Но, разумеется, слова своего не держала и довольно скоро, забыв обиду снова являлась в самое неподходящее время.
* * *
Деревенская сущность, задавленная городом, проявлялась в Никитичне самым невероятным образом и давала всходы то в виде гераней на подоконнике, то в проросшей прямо на балконе четвертого этажа березке, ушедшие в бетон корни которой старуха поливала из чайника.
Жажда стяжания была ей совершенно чужда, а если и проявлялась порой, то совершенно по-детски в виде страсти к цветным календарям, будильникам или пахучим, щелкавшим замочками сумочкам из искусственной кожи. В этих «ридикюльчиках», как она их называла, у Никитичны хранилась всякая ерунда:
прищепки, булавки, позеленевшие швейные наперстки, цветные резинки, сточенная помада, картинки из журналов, привлекшие ее своею яркостью, пузырьки из-под лекарств и прочие вещи, которые с равным успехом могла бы собирать и десятилетняя девочка.
В достоинстве денежных купюр, тогда еще старых, не доживших до всевозможных обменов, Никитична разбиралась неплохо, считала тоже вполне удовлетворительно, однако порой пускалась на хитрость, прося кого-нибудь из сердбольных кассирш или соседей пересчитать свою немногочисленную наличность.
— А сколько тут есть, девка? — спрашивала она, протягивая тяжелый от мелочи старушечий кошелек со звучными, как и у ридикюля, застежками.
Кошелек открывался и начинались долгие пересчеты. Обычно считавшая несколько раз сбивалась, плевала в сердцах и начинала заново.
— А сколько тебе надо, Никитична? — наконец спрашивал она Никитичну.

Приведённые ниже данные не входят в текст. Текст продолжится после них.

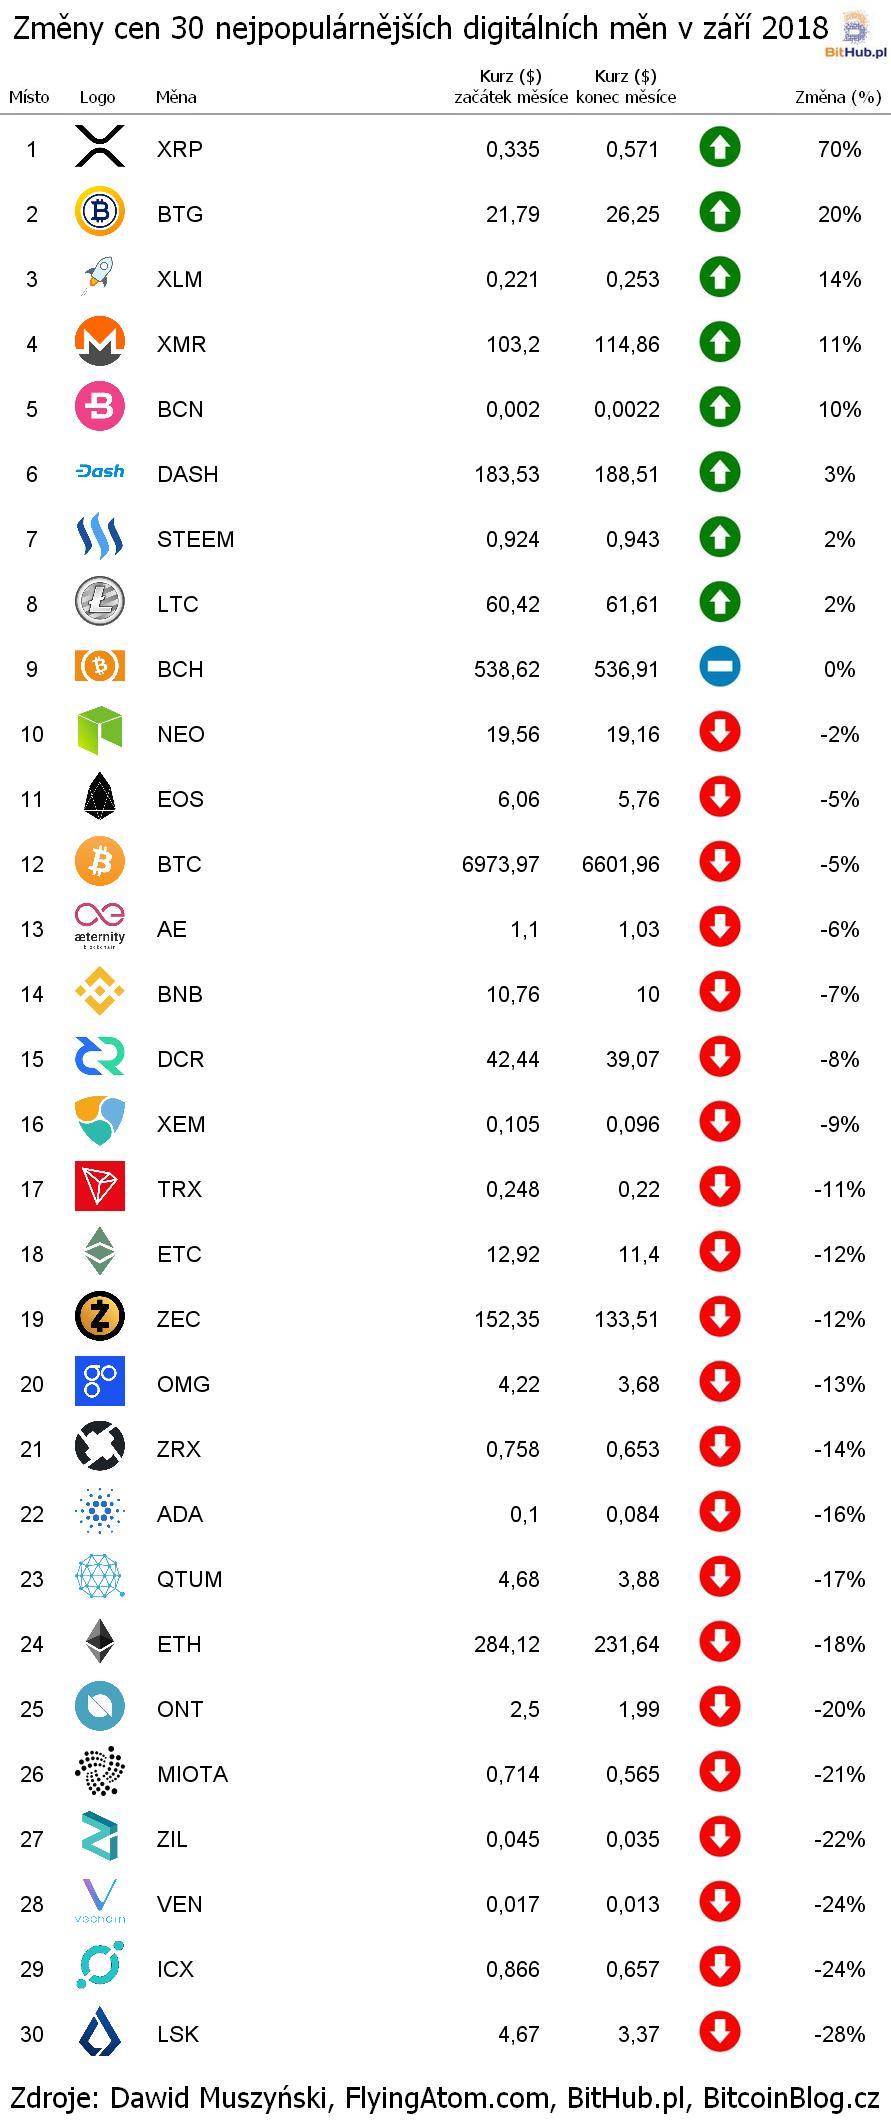 Změny cen nejpopulárnějších digitálních měn (žebříček za září 2018)

— Да вот, десять рублей. Хочу будильничек купить, а то мои-то все заврались.
— Да тут столько нет! Здесь от силы рублей пять, — восклицала соседка вспотевшая от ответственной возни с мелочью.
— Я и сама, девка, вижу, что нет. Три человека уж считали и кажный раз выходило четырек девяносто. Да вот, все равно думаю: а вдруг и есть? – отвечала старуха, насмешливо глядя на рассерженную собеседницу.
При всем том, повторю еще раз, никакого стяжательного инстинкта у Никитичны не было. Все эти фокусы объяснялись исключительно веселой стихией ее духа и, возможно, желанием понаблюдать человеческую реакцию.